The first issue to address is whether you want to allow arbitrary sequences $x_n$, or if they must be bounded / summable etc. In the first case it's a huge space with no canonical metric (although some metric can be constructed, see below). In the latter case there is probably already a natural metric on the space of sequences, and you can define the quotient metric on the set of equivalence classes. The general definition of the quotient metric is pretty convoluted, but your situation is simpler because the equivalence classes are orbits under the action of the circle group $S^1=\{z\in\mathbb C:|z|=1\}$ on the space of sequences.
Let $z\cdot x$ denote the sequence $(z^n x_n)$. Suppose that $d$ is a metric on the space of sequences which is $S^1$-invariant, i.e. $d(z\cdot x, z\cdot y) = d(x,y)$. For example, the metrics induced by $\ell^p$ norms are $S^1$-invariant. Also, the metric
$$
d(x,y) = \sum_{n\in\mathbb Z} 2^{-|n|}\frac{|x_n-y_n|}{1+|x_n-y_n|}
$$
which works for the space of arbitrary sequences, is $S^1$-invariant.

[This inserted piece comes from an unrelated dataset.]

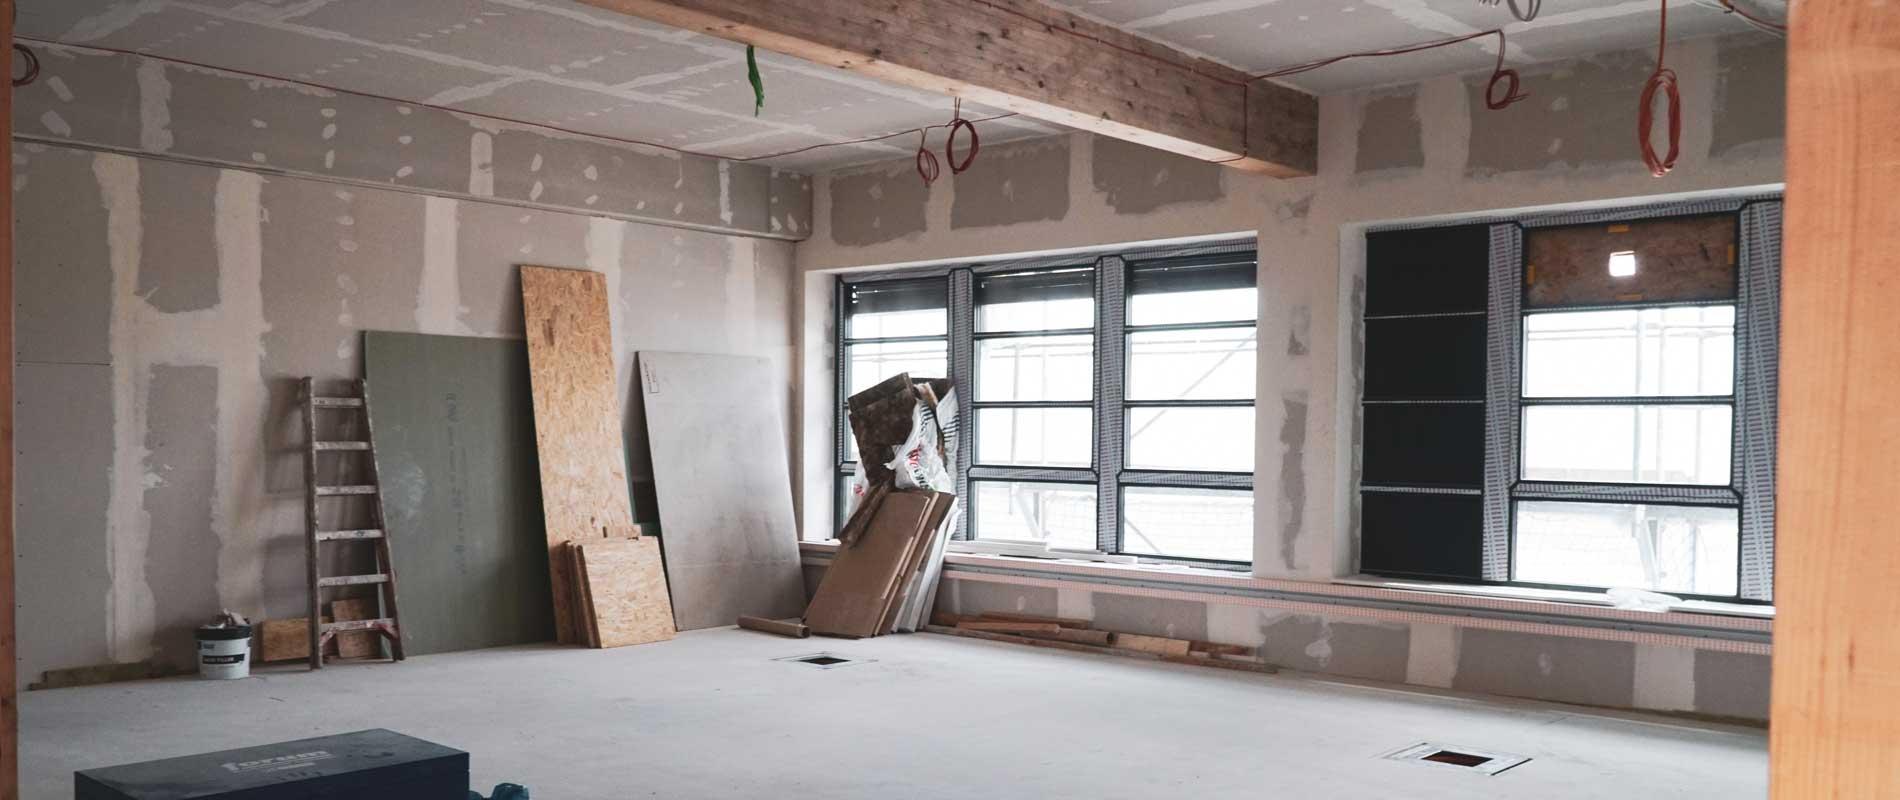 Neubauraum im modernen Innenausbau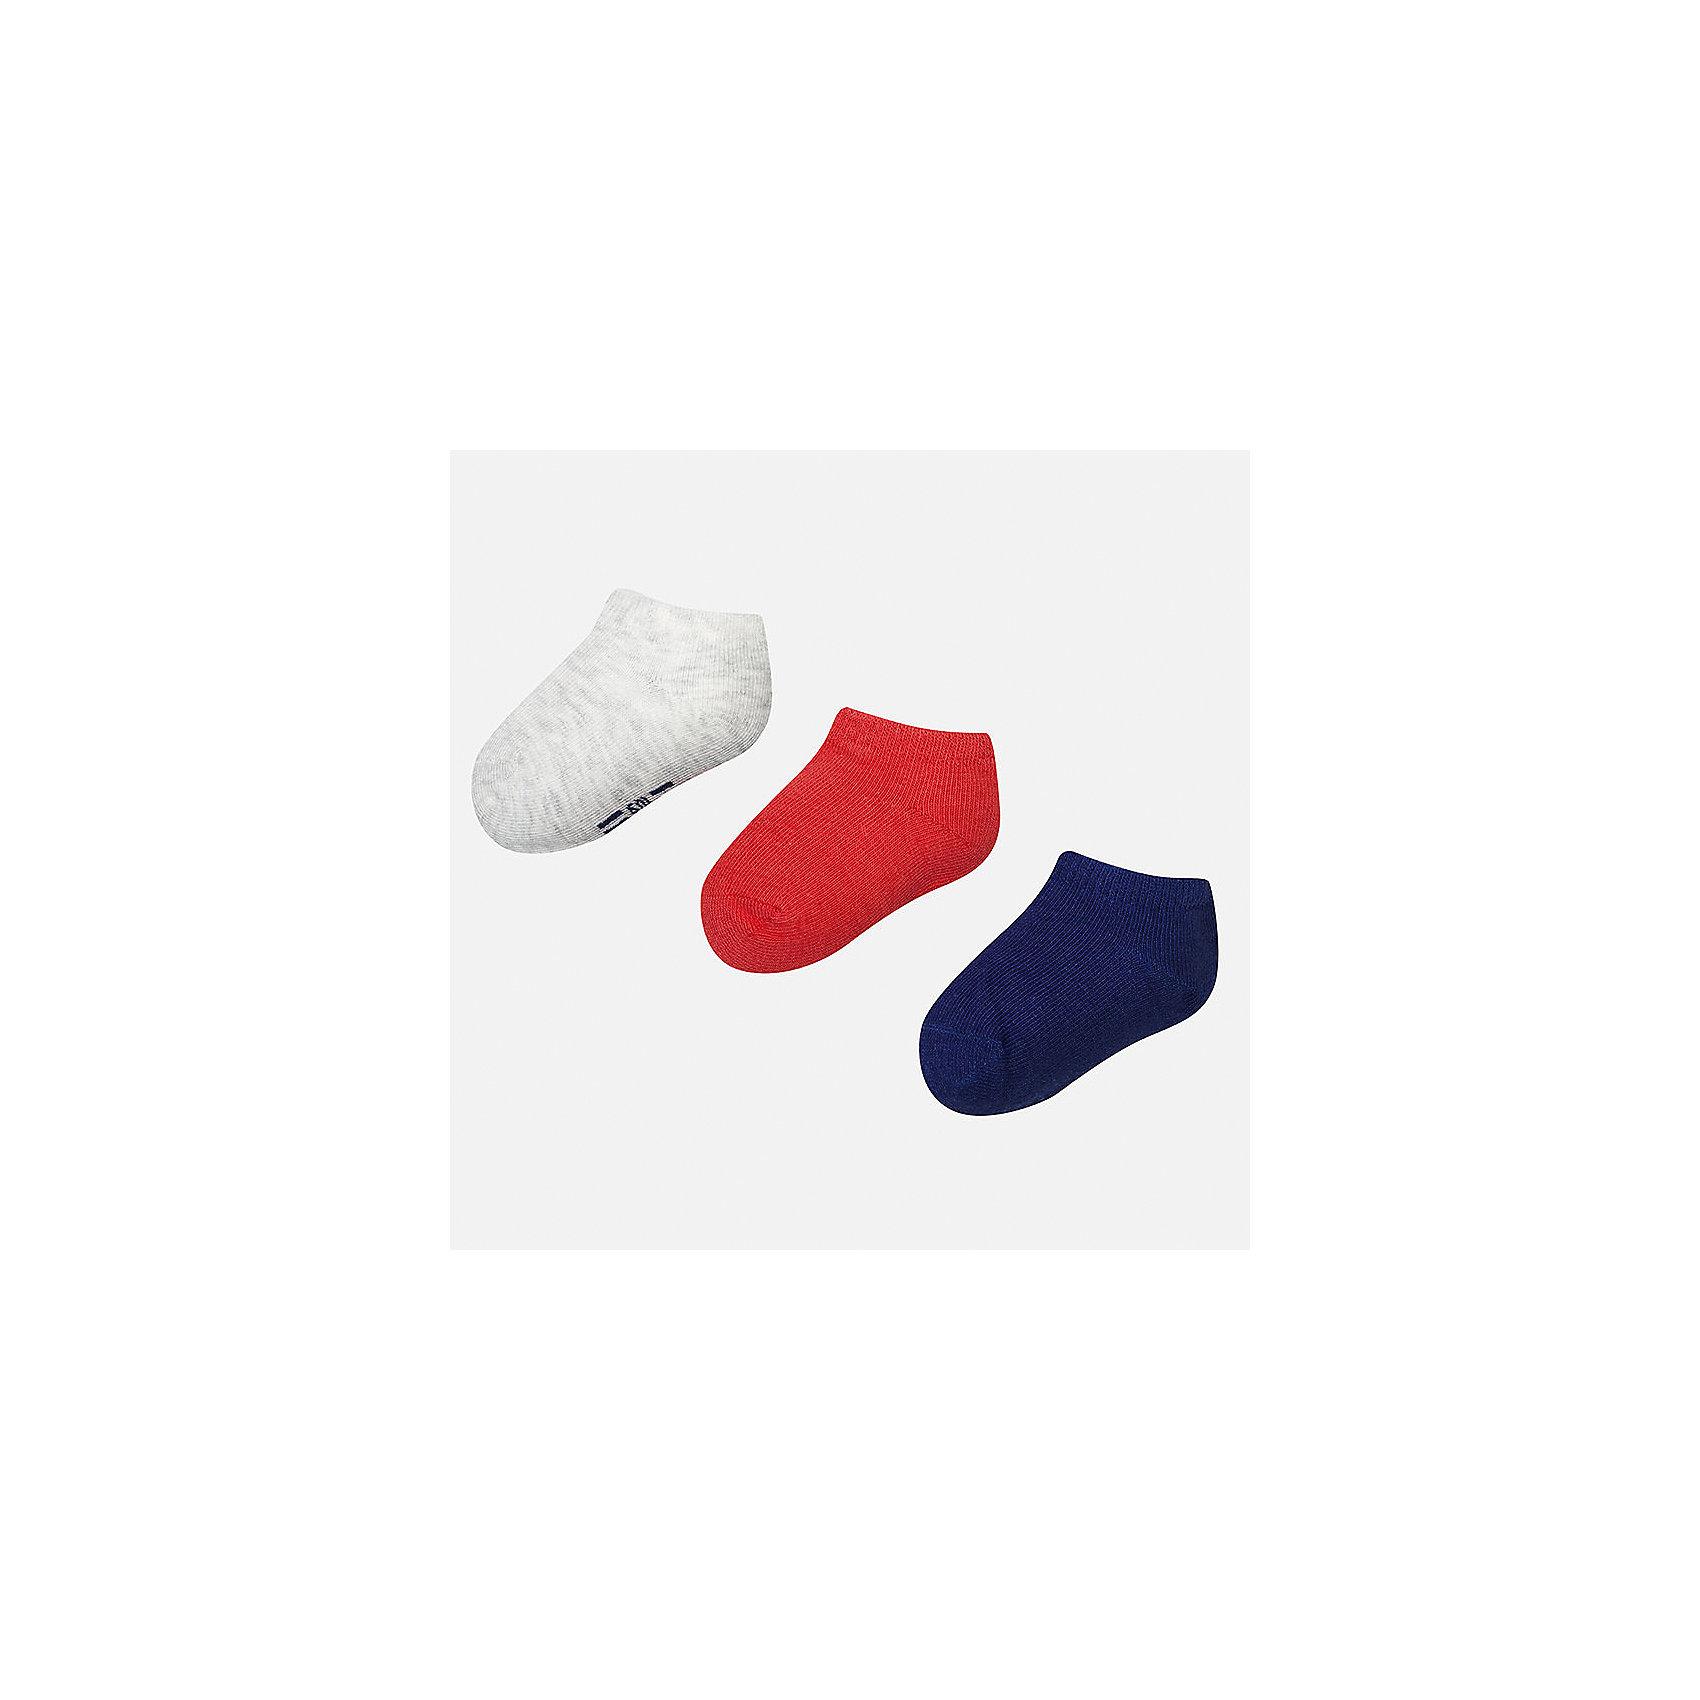 Носки (3 пары) для мальчика MayoralНоски<br>Характеристики товара:<br><br>• цвет: серый/красный/синий<br>• состав: 72% хлопок, 25% полиамид, 3% эластан<br>• комплектация: три пары<br>• мягкая резинка<br>• эластичный материал<br>• однотонные<br>• страна бренда: Испания<br><br>Удобные симпатичные носки для мальчика помогут обеспечить ребенку комфорт и дополнить наряд. Универсальный цвет позволяет надевать их под обувь разных расцветок. Носки удобно сидят на ноге и аккуратно смотрятся. Этот комплект - практичный и красивый! В составе материала - натуральный хлопок, гипоаллергенный, приятный на ощупь, дышащий. <br><br>Одежда, обувь и аксессуары от испанского бренда Mayoral полюбились детям и взрослым по всему миру. Модели этой марки - стильные и удобные. Для их производства используются только безопасные, качественные материалы и фурнитура. Порадуйте ребенка модными и красивыми вещами от Mayoral! <br><br>Носки (3 пары) для мальчика от испанского бренда Mayoral (Майорал) можно купить в нашем интернет-магазине.<br><br>Ширина мм: 87<br>Глубина мм: 10<br>Высота мм: 105<br>Вес г: 115<br>Цвет: серый<br>Возраст от месяцев: 12<br>Возраст до месяцев: 24<br>Пол: Мужской<br>Возраст: Детский<br>Размер: 2,1<br>SKU: 5294241

The distance between equivalence classes $[x]$ and $[y]$ is induced by $d$ as follows:
$$\tilde d([x],[y]) = \inf_{z\in S^1} d(z\cdot x, y) \quad \text{(same as } \inf_{z\in S^1} d( x, z\cdot y) \text{ )}$$
Let's check the triangle inequality. Given sequences $x,y,w$,
- pick $z$ so that $d(z\cdot x,y)$ is close to $\tilde d([x],[y])$
- pick $\zeta$ so that $d(\zeta\cdot w,y)$ is close to $\tilde d([w],[y])$
- observe that $d(z\cdot x,y)+d(\zeta\cdot w,y)\ge d(z\cdot x,\zeta\cdot w)$
- $d(z\cdot x,\zeta\cdot w) = d((\zeta^{-1}z)\cdot x, w)\ge \tilde d([x],[w])$
this a space who's properties are known?
I haven't seen the space myself, but it looks natural enough (especially if you work with $\ell^2$ sequences), so I'd guess it came up before. But it's probably easier to prove its basic properties yourself than to find a reference.